An interactive explanation of quadtrees - mbrubeck
http://jimkang.com/quadtreevis/
======
mden
I love quad and octrees but it's good to note that there's quite a bit of
literature on them and for a good reason.

I'm by no means an expert on them but here are some things worth knowing if
you plan on using them:

1) The implementation shown is called a point region quadtree (pr quadtree)
and subdivides the space equally for all divisions. This may seem like a neat
approach until you consider what happens when there are two points very close
to each other. Because you need each point to be in it's own node, you need to
keep subdividing the region, which can result in a theoretically unbounded
depth. There's a variant called compressed pr quadtree which handles this
problem by removing all nodes that only have 1 non-empty child. This reduces
the depth appropriately.

2) There is another strategy for dividing the space called point quadtrees (p
quadtrees) which divides the regions at the point you are inserting. This
gives an upper bound of the tree depth as the number of nodes inserted, which
is still undesirable.
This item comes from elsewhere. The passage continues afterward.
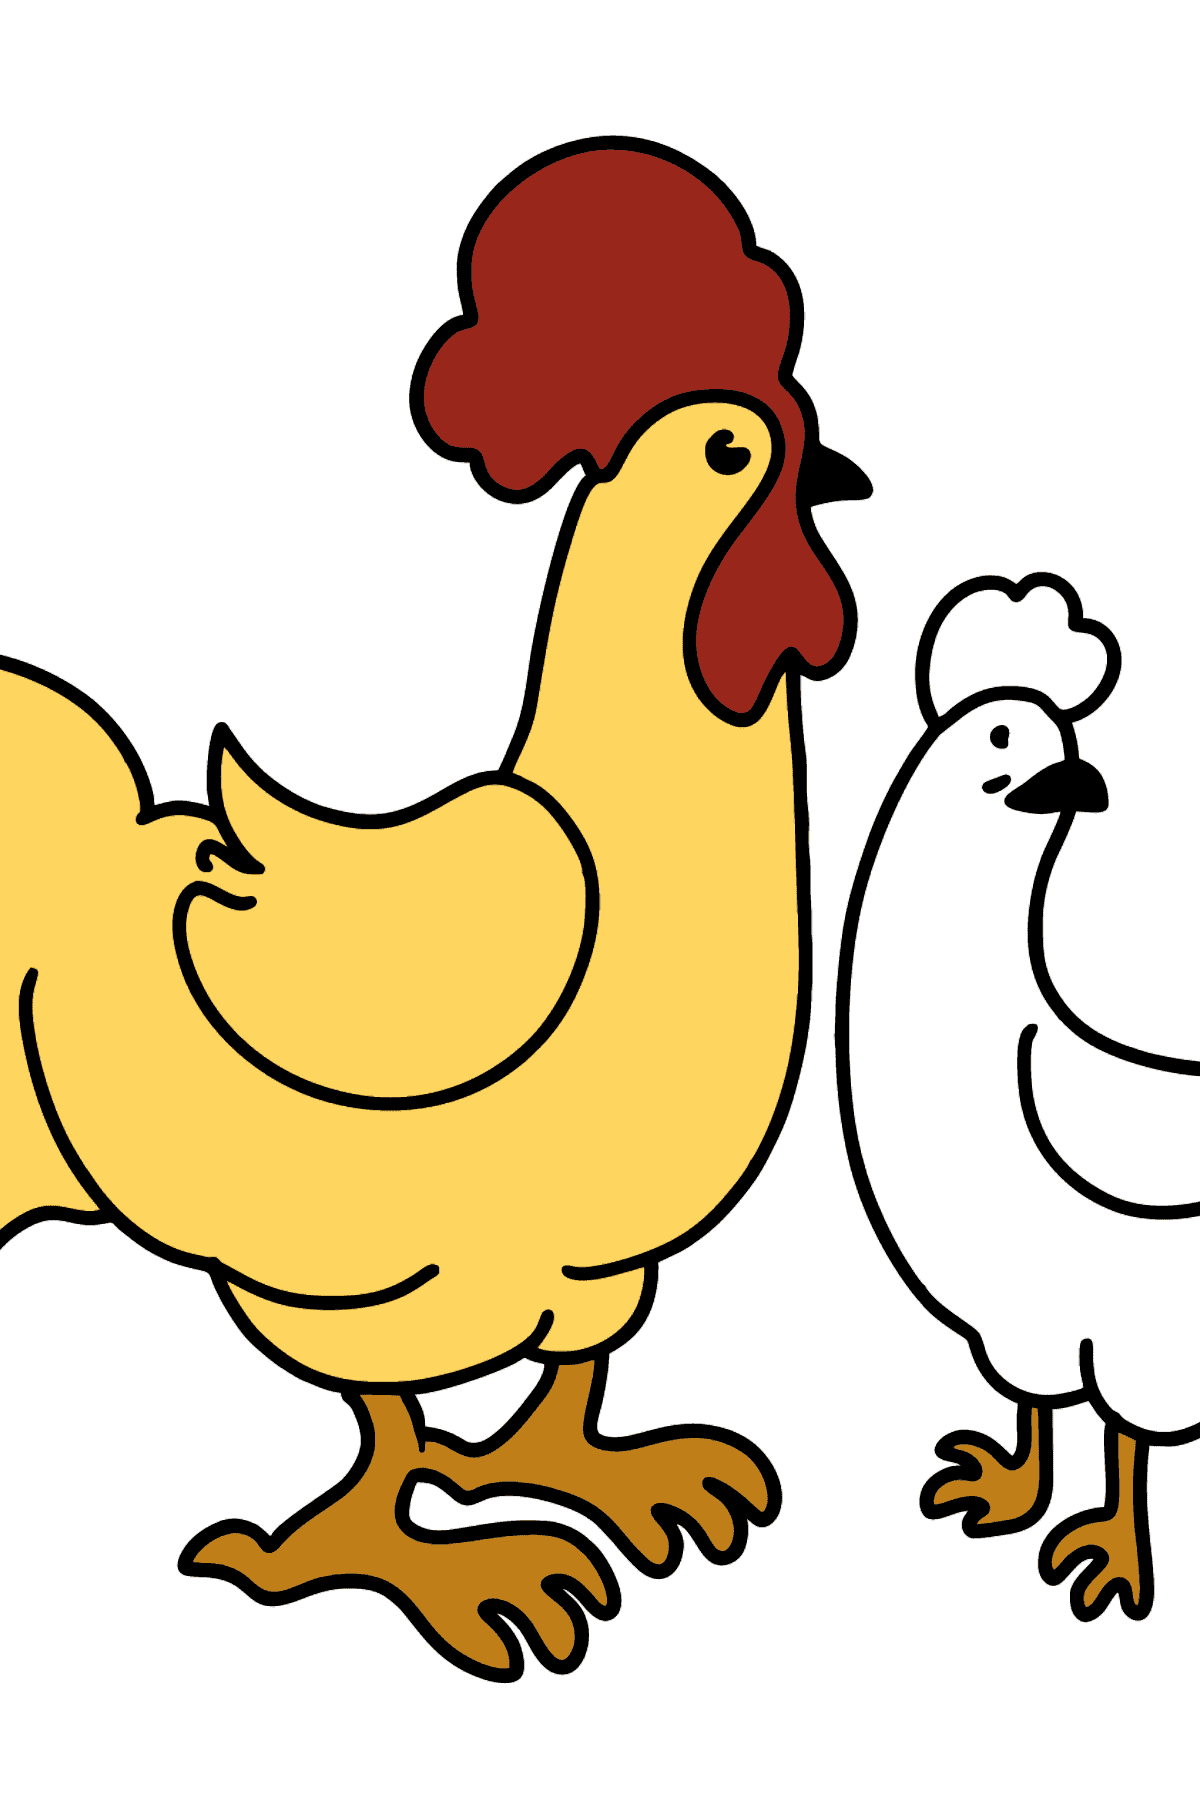 Dibujo de Gallo y gallina para colorear - Dibujos para Colorear para Niños
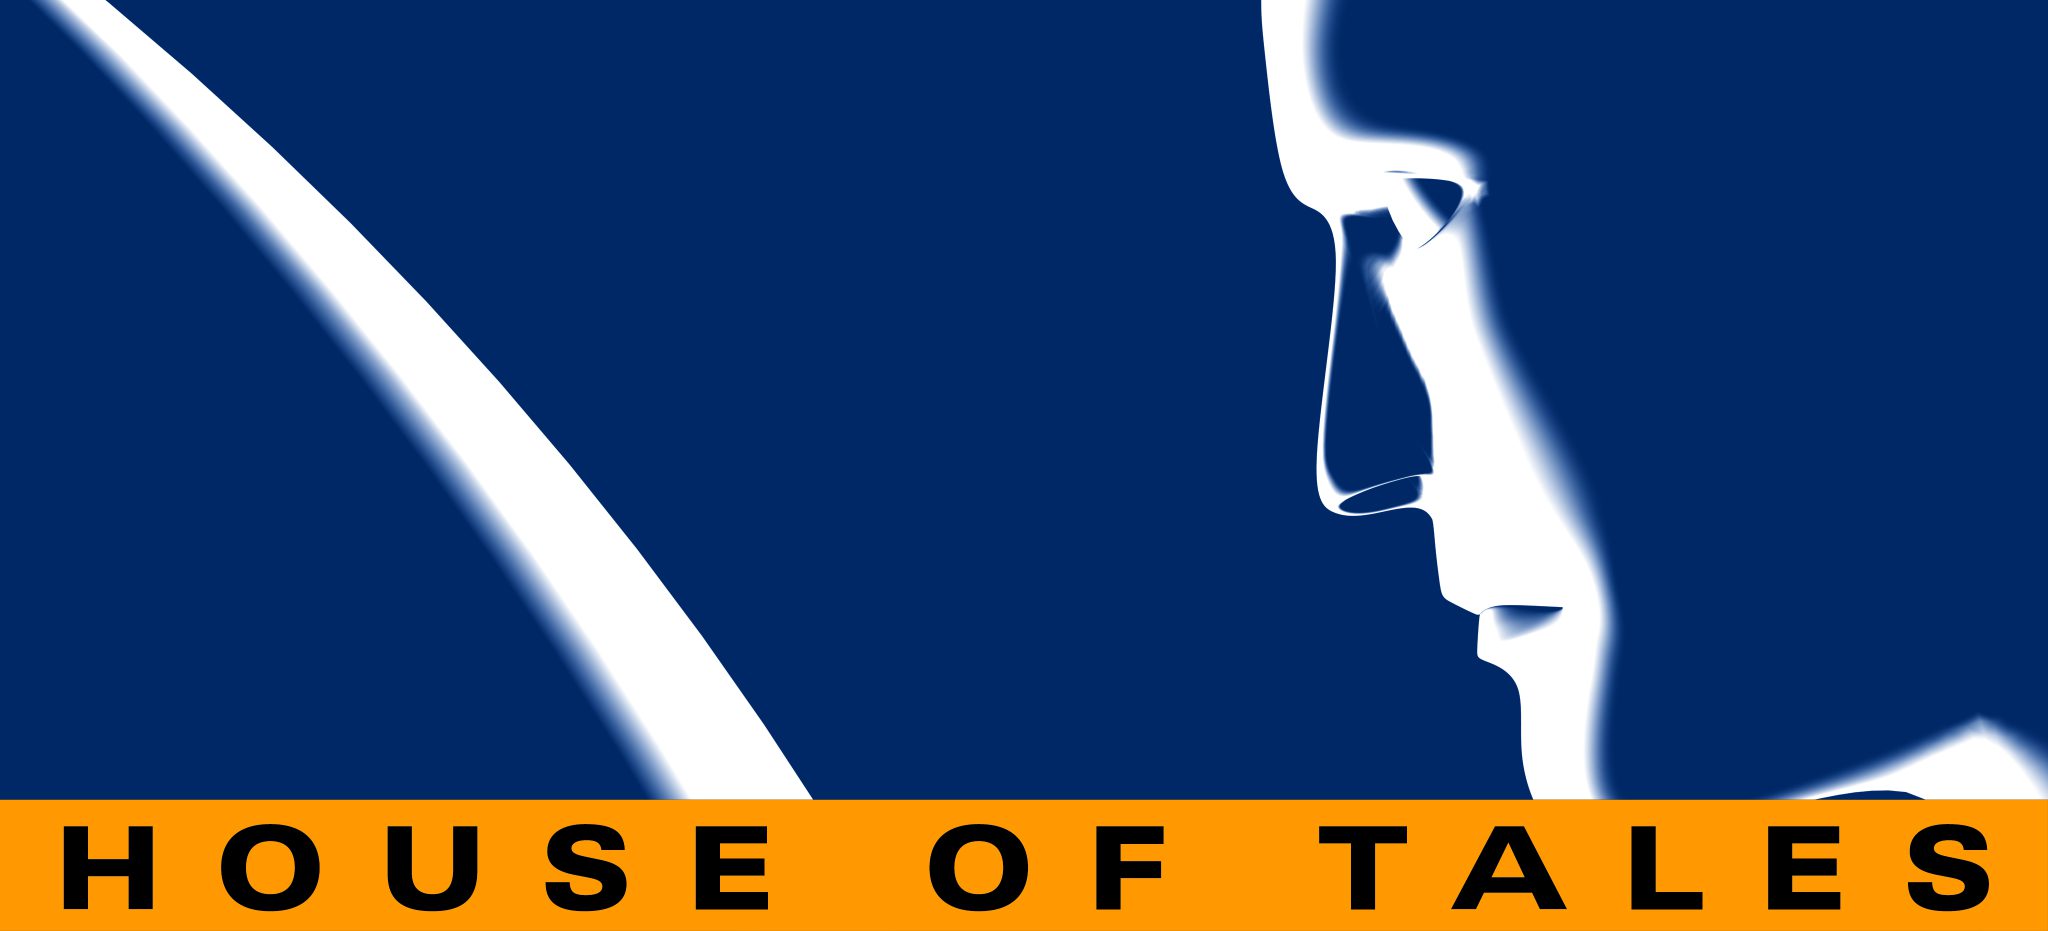 House of Tales: En översikt över företaget

To fix this, you have to choose the correct order for
point insertion to obtain a well balanced tree with log_4(n) height.

3) The non-academic implementations I've seen do clever things like setting a
maximal subdivision number and allowing multiple points within a leaf.

4) There are often alternatives to quadtrees that are simpler and usually
effective enough such as subdividing the region into an mxn grid of equal
proportion and using the grid squares as buckets for the elements that fall
within them.

Spatial data-structures are kinda fun but can have gotchas.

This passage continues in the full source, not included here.